General EM Algorithm
-
initialize \(\theta^{\text {old }}\)
-
E step : evaluate \(P(\mathbf{Z} \mid \mathbf{X},\theta^{\text{old}})\).
-
M step : Evaluate \(\theta^{\text{new}}\), given by
-
\(\boldsymbol{\theta}^{\text {new }}=\underset{\theta}{\arg \max } \mathcal{Q}\left(\boldsymbol{\theta}, \boldsymbol{\theta}^{\text {old }}\right)\).
where \(\mathcal{Q}\left(\boldsymbol{\theta}, \boldsymbol{\theta}^{\mathrm{old}}\right)=\sum_{\mathbf{Z}} p\left(\mathbf{Z} \mid \mathbf{X}, \boldsymbol{\theta}^{\mathrm{old}}\right) \ln p(\mathbf{X}, \mathbf{Z} \mid \boldsymbol{\theta})\).
-
-
Check for convergence
-
if convergence is not satisfied,
\(\theta^{\text {old }} \leftarrow \theta^{\text {new }}\) and return to step 2
-
EM algorithm can also be used to find MAP
-
prior \(p(\theta)\) is defined
-
E step : same as ML case
M step : target to be maximized = \(\mathcal{Q}\left(\boldsymbol{\theta}, \boldsymbol{\theta}^{\mathrm{old}}\right) + \text{ln}p(\theta)\)
Summary :
EM can be used in two cases
- 1) maximize likelihood, when there are “(discrete) latent variables”

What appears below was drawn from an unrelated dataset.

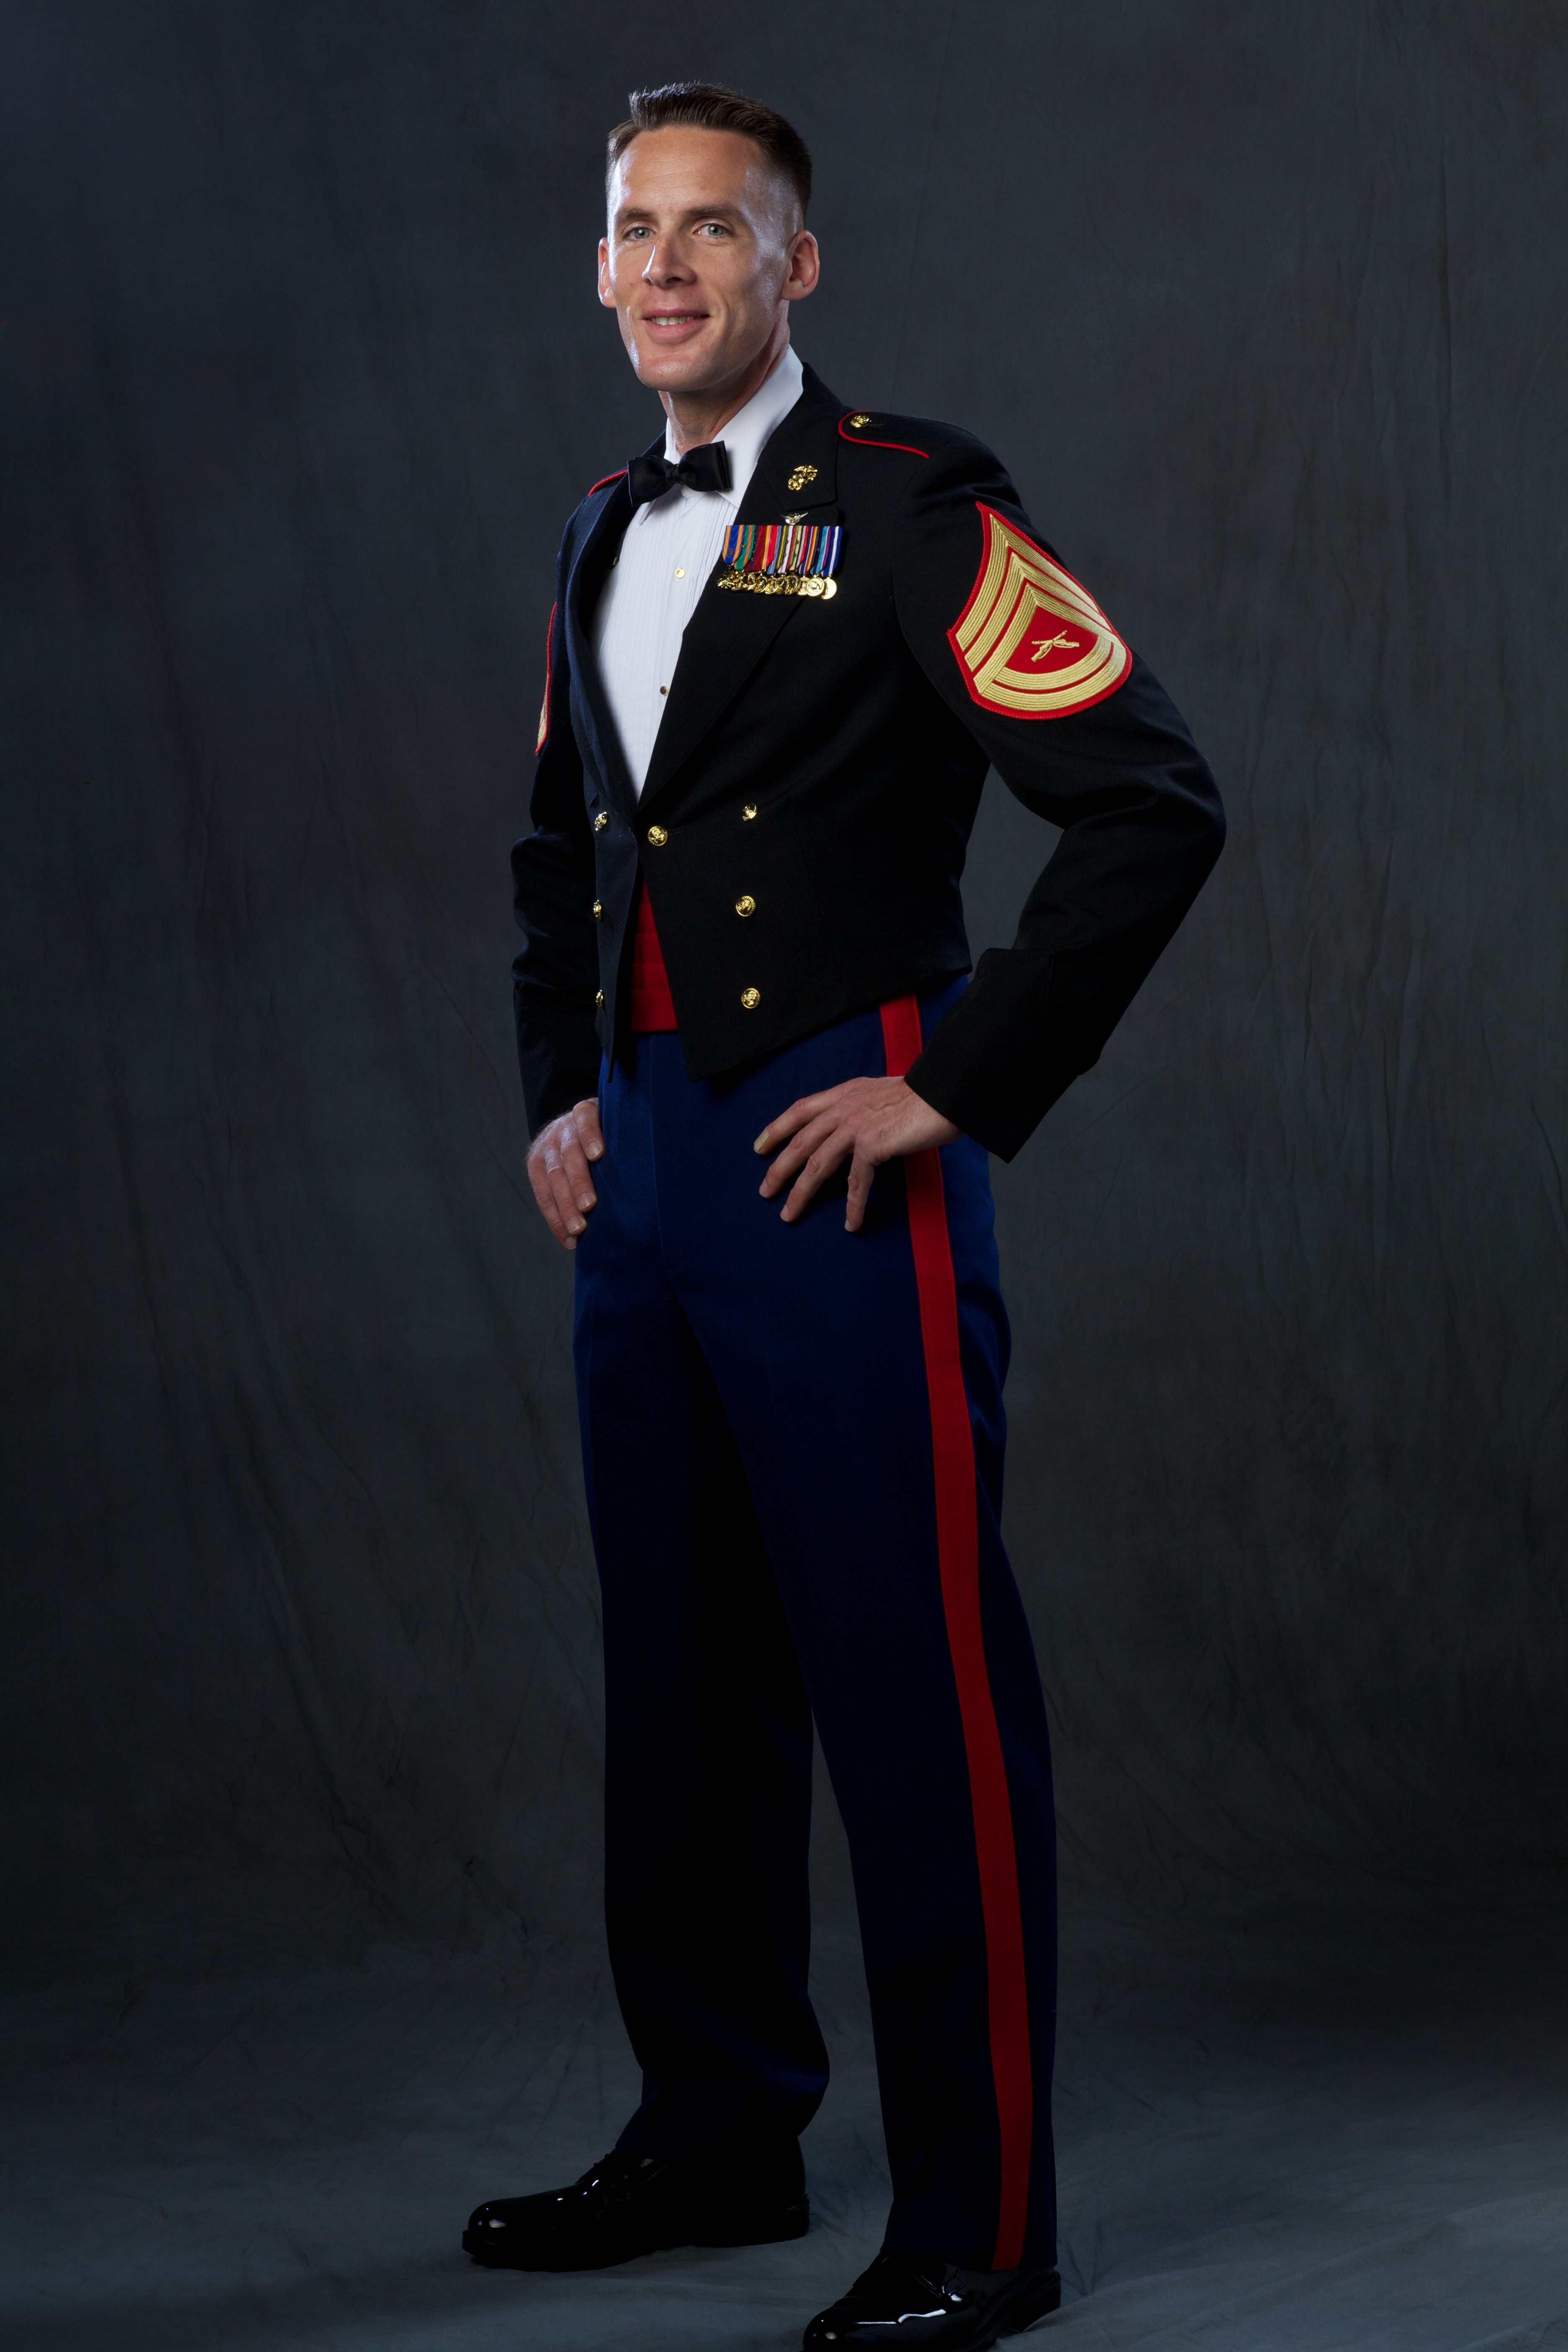 Marine evening dress uniforms

- 2) ( same ), when unobserved variables correspond to missing values in the dataset
9-3-1. Gaussian mixtures revisted
apply this latent variable view of EM , to “GMM”
likelihood for complete data :
-
(original) \(p(\mathbf{X}, \mathbf{Z} \mid \boldsymbol{\mu}, \boldsymbol{\Sigma}, \boldsymbol{\pi})=\prod_{n=1}^{N} \prod_{k=1}^{K} \pi_{k}^{z_{n k}} \mathcal{N}\left(\mathbf{x}_{n} \mid \boldsymbol{\mu}_{k}, \boldsymbol{\Sigma}_{k}\right)^{z_{n k}}\).
-
(log) \(\ln p(\mathbf{X}, \mathbf{Z} \mid \boldsymbol{\mu}, \boldsymbol{\Sigma}, \boldsymbol{\pi})=\sum_{n=1}^{N} \sum_{k=1}^{K} z_{n k}\left\{\ln \pi_{k}+\ln \mathcal{N}\left(\mathbf{x}_{n} \mid \boldsymbol{\mu}_{k}, \boldsymbol{\Sigma}_{k}\right)\right\}\).

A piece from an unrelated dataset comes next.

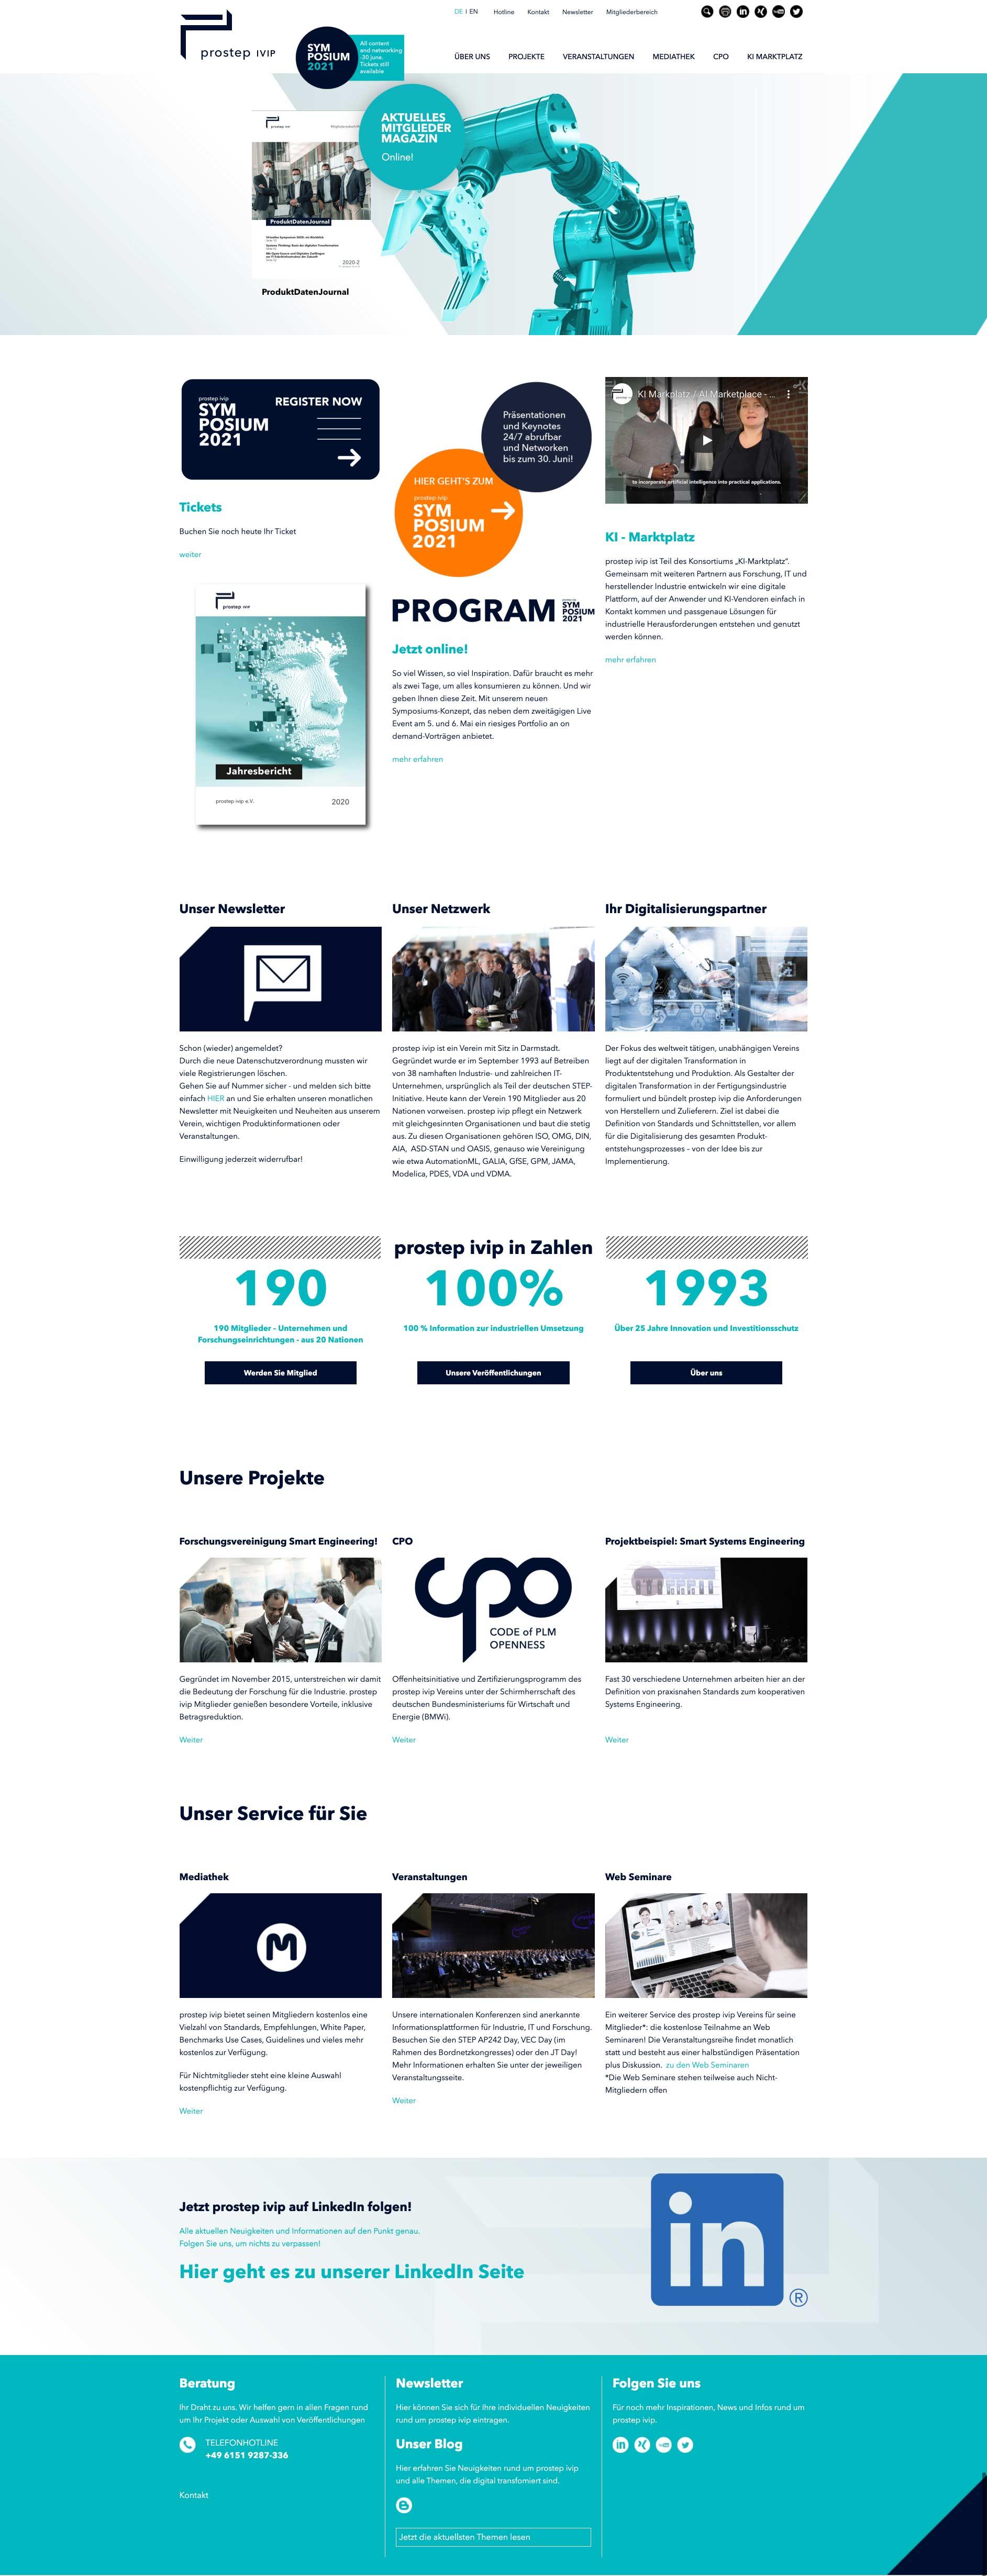 UI-Design, Webdesign, Screendesign Corporate Website von prostep ivip

( \(\leftrightarrow\) unlike \(\ln p(\mathbf{X} \mid \boldsymbol{\mu}, \boldsymbol{\Sigma}, \boldsymbol{\pi})=\sum_{n=1}^{N} \ln \left\{\sum_{k=1}^{K} \pi_{k} \mathcal{N}\left(\mathbf{x}_{n} \mid \boldsymbol{\mu}_{k}, \boldsymbol{\Sigma}_{k}\right)\right\}\), logarithm now acts DIRECTLY on the Gaussian distn)
-
advantage : can be maximized in closed form! ( \(\pi_{k}=\frac{1}{N} \sum_{n=1}^{N} z_{n k}\) )
( but in practice, it is not complete data…. therefore we need to use “expected” value of \(Z\) )
(1) Posterior distribution of latent variable \(Z\) :
\(p(\mathbf{Z} \mid \mathbf{X}, \boldsymbol{\mu}, \boldsymbol{\Sigma}, \boldsymbol{\pi}) \propto \prod_{n=1}^{N} \prod_{k=1}^{K}\left[\pi_{k} \mathcal{N}\left(\mathbf{x}_{n} \mid \boldsymbol{\mu}_{k}, \boldsymbol{\Sigma}_{k}\right)\right]^{z_{n k}}\).
(2) find the mean of “posterior of \(Z\) “
\(\begin{aligned} \mathbb{E}\left[z_{n k}\right] &=\frac{\sum_{z_{n k}} z_{n k}\left[\pi_{k} \mathcal{N}\left(\mathbf{x}_{n} \mid \boldsymbol{\mu}_{k}, \mathbf{\Sigma}_{k}\right)\right]^{z_{n k}}}{\sum_{z_{n j}}\left[\pi_{j} \mathcal{N}\left(\mathbf{x}_{n} \mid \boldsymbol{\mu}_{j}, \mathbf{\Sigma}_{j}\right)\right]^{z_{n j}}} \\ &=\frac{\pi_{k} \mathcal{N}\left(\mathbf{x}_{n} \mid \boldsymbol{\mu}_{k}, \mathbf{\Sigma}_{k}\right)}{\sum_{j=1}^{K} \pi_{j} \mathcal{N}\left(\mathbf{x}_{n} \mid \boldsymbol{\mu}_{j}, \mathbf{\Sigma}_{j}\right)}=\gamma\left(z_{n k}\right) \end{aligned}\).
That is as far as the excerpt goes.